(Data records)
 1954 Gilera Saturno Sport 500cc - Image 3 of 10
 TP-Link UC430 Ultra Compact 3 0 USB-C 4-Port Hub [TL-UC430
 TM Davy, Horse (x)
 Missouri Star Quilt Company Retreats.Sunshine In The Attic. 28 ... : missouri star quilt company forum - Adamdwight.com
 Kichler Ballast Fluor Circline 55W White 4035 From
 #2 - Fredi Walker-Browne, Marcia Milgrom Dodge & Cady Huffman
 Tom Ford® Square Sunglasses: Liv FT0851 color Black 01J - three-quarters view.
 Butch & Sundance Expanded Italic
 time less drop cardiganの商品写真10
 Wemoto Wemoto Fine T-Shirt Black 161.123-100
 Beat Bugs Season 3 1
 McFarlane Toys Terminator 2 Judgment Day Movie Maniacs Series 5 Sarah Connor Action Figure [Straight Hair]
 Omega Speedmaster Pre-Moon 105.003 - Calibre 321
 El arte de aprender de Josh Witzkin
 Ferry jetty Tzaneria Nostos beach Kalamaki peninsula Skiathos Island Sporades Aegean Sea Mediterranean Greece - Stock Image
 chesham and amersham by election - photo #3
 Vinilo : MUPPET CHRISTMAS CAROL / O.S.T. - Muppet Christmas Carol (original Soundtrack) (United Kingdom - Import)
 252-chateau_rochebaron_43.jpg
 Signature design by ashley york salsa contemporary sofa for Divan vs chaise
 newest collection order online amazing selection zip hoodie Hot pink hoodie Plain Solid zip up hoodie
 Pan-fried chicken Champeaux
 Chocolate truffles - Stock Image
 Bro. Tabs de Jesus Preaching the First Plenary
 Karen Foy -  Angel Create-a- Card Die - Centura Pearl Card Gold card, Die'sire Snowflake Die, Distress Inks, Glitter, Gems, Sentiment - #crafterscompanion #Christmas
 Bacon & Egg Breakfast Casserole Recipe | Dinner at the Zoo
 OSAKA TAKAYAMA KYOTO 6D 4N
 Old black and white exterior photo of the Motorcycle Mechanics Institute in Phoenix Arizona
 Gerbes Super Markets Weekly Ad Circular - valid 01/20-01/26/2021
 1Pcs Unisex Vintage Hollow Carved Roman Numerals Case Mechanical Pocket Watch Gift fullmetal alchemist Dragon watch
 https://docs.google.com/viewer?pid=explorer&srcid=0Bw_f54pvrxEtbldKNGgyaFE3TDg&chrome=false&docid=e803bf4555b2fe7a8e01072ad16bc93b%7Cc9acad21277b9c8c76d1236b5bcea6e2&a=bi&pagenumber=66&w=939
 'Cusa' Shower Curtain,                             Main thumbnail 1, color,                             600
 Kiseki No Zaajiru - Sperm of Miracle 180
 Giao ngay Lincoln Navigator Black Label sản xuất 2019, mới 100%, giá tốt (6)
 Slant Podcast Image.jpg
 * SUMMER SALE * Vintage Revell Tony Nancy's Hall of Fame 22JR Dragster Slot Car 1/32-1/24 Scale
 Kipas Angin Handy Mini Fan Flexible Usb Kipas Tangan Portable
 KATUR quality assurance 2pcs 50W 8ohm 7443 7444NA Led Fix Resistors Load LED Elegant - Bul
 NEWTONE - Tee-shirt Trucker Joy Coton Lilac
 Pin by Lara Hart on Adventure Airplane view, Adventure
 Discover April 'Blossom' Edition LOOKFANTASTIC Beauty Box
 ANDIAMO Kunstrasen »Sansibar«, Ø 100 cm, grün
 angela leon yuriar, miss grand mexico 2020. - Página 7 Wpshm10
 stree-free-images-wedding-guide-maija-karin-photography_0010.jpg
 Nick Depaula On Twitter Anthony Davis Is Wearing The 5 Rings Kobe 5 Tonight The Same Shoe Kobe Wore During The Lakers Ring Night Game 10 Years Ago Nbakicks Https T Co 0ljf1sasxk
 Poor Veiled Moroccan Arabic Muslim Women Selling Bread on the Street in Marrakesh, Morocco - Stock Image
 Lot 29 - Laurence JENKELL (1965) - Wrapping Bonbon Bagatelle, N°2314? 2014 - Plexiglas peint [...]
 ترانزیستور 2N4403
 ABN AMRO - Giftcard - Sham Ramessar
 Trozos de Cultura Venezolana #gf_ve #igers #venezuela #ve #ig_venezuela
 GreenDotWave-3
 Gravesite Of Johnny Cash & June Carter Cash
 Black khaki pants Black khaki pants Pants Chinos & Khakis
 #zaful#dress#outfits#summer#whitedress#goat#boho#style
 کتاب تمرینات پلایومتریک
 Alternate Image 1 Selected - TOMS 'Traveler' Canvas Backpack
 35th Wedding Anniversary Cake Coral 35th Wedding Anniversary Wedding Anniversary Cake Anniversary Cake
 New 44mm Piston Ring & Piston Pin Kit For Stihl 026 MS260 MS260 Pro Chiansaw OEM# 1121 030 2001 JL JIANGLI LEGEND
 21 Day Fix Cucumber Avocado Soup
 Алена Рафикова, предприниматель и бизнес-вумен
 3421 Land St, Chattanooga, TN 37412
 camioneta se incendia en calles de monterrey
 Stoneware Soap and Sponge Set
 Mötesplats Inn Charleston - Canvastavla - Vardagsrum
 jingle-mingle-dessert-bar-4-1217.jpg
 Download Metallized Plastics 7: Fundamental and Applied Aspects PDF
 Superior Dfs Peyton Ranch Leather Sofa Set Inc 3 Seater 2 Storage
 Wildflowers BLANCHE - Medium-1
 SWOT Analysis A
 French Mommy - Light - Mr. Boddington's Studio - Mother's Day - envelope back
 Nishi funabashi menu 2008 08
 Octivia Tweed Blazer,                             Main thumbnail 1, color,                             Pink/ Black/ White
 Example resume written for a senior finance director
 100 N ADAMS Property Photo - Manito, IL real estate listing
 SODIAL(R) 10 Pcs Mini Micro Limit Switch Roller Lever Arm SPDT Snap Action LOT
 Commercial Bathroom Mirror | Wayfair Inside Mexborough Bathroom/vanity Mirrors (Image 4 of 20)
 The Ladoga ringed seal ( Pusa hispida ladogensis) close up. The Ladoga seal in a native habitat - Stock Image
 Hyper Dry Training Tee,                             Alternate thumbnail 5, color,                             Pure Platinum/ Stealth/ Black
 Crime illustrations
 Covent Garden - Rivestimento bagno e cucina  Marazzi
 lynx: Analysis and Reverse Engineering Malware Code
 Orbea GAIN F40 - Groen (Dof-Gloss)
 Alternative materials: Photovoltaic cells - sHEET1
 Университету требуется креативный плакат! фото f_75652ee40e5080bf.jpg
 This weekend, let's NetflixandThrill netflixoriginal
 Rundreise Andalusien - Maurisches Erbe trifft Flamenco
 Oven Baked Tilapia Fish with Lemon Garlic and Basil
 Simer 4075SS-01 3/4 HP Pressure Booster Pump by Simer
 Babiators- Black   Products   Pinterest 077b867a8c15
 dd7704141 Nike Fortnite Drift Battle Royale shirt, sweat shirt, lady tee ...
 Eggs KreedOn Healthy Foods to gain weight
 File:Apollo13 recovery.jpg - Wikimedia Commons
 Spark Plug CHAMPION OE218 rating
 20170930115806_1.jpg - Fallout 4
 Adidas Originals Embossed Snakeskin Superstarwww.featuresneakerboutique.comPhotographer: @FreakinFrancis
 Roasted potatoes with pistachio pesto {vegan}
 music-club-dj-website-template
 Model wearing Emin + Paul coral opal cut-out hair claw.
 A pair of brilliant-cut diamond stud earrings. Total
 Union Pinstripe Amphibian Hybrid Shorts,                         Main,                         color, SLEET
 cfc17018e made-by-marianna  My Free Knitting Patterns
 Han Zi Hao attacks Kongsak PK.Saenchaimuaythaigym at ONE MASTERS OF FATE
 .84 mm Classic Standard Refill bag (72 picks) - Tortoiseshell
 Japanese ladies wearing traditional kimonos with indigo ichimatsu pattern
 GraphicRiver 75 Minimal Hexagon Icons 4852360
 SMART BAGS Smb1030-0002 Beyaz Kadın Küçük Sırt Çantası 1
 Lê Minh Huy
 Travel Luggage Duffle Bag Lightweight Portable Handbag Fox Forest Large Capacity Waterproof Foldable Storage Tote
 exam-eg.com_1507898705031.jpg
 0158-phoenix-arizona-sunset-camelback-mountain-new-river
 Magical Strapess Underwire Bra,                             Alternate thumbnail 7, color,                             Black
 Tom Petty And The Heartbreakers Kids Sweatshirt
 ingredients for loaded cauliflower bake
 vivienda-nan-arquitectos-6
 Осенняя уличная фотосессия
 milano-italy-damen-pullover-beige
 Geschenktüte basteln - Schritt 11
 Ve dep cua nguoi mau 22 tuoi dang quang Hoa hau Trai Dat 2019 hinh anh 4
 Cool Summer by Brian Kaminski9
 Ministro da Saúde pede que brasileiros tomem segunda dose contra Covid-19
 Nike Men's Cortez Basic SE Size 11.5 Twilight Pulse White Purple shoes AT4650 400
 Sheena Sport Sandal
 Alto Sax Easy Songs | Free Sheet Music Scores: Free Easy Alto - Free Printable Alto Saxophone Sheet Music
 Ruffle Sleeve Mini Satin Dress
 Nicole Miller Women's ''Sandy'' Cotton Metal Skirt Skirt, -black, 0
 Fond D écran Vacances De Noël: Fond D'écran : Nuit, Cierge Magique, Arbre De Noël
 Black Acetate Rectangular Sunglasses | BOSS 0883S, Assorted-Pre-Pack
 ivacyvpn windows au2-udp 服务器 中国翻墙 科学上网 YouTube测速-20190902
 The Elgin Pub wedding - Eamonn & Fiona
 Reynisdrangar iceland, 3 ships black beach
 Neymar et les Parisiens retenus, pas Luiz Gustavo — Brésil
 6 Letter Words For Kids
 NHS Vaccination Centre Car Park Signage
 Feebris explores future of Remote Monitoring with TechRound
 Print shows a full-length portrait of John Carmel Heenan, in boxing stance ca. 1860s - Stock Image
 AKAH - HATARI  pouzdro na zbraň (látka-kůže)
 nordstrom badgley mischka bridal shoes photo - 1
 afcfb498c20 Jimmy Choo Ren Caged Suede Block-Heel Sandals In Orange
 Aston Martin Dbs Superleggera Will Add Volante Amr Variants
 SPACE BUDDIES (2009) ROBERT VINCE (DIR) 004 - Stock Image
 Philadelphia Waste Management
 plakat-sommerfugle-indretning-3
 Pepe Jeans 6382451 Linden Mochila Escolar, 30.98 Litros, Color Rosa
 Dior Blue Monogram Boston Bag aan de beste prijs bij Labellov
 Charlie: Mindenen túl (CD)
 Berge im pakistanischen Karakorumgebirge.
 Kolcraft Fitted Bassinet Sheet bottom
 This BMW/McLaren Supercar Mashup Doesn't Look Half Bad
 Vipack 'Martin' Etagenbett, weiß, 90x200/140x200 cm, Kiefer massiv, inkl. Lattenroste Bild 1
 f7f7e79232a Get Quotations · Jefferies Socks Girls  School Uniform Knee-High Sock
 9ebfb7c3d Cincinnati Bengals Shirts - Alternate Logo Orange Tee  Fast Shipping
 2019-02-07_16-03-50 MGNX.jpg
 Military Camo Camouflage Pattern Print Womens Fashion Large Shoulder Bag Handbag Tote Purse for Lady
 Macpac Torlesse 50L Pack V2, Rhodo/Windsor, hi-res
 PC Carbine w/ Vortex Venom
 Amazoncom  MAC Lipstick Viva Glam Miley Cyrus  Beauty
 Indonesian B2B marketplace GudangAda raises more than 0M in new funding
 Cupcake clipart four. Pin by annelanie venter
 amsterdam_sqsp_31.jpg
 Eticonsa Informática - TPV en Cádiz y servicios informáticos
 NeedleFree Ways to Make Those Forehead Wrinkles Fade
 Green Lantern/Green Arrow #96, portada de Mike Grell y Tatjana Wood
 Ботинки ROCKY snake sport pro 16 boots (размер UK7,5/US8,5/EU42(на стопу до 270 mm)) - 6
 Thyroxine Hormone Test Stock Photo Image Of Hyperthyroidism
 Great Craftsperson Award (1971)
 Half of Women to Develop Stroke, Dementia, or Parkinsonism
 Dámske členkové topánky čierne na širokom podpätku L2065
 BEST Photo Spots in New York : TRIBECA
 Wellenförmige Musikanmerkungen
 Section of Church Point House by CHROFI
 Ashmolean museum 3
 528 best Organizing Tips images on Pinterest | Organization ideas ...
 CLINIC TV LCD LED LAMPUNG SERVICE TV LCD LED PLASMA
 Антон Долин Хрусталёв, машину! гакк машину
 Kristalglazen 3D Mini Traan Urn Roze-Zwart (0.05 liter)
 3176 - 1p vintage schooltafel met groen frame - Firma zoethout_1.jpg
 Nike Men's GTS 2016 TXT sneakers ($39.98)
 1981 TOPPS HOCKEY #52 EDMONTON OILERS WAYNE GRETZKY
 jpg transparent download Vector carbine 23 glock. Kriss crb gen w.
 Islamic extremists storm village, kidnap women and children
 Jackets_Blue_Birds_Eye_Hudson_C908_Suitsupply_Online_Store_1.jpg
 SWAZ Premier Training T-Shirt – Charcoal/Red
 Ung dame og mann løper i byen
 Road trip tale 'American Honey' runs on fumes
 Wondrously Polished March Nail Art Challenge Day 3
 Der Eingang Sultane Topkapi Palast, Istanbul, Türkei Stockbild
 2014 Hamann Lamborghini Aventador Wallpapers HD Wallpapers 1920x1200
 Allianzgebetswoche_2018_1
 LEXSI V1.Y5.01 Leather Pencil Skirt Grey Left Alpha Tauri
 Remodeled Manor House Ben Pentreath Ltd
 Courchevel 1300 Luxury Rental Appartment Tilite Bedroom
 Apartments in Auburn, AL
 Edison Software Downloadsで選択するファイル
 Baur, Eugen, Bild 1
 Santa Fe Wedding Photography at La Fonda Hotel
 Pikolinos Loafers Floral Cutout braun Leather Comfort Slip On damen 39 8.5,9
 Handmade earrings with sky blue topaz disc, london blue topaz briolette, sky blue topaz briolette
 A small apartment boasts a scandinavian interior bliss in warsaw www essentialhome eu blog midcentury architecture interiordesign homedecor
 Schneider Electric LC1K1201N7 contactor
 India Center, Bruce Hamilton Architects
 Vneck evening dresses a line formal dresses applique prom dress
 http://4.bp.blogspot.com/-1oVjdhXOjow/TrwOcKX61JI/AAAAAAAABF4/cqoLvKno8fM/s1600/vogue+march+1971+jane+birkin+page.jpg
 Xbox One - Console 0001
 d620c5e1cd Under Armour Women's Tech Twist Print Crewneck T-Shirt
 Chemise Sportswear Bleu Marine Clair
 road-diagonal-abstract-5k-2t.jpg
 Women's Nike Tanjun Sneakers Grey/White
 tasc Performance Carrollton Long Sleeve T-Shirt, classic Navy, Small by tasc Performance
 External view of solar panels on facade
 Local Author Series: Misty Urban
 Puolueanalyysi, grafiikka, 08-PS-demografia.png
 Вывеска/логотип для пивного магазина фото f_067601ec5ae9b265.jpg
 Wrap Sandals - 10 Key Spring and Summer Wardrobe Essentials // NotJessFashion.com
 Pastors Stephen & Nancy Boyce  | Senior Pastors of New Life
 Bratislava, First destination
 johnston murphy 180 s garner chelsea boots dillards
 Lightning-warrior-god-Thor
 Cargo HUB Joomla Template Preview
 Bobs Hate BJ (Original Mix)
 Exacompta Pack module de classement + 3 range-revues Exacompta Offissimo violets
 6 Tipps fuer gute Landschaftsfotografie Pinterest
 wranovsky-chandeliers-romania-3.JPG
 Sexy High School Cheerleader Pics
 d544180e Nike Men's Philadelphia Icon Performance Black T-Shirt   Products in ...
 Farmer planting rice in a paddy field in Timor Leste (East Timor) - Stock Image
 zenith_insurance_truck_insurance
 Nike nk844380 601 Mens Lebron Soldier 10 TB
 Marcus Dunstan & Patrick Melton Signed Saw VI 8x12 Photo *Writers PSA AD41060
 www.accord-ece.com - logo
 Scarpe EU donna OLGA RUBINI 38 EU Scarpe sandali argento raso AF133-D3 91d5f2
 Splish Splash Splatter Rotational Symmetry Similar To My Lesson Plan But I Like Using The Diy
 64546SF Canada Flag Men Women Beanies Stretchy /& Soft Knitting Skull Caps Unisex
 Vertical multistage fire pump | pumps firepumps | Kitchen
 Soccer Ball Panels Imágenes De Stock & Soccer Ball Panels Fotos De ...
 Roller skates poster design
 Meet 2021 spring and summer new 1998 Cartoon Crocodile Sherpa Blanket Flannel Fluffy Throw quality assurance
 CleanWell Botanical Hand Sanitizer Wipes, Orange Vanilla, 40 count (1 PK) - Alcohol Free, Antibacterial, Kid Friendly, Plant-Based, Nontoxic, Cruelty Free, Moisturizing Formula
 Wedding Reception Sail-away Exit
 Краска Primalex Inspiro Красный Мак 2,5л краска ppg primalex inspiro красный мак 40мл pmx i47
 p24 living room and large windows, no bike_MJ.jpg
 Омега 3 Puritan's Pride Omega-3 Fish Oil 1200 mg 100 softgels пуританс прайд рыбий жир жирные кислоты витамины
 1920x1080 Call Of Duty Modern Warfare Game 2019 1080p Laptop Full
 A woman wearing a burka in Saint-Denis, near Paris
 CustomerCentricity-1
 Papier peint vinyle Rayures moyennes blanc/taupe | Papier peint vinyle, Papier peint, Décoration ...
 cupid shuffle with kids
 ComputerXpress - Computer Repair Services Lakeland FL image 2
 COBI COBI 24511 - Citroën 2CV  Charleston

Problem statement
Go through the records and copy each line with "beach" in it.

Task result
 Ferry jetty Tzaneria Nostos beach Kalamaki peninsula Skiathos Island Sporades Aegean Sea Mediterranean Greece - Stock Image
 Reynisdrangar iceland, 3 ships black beach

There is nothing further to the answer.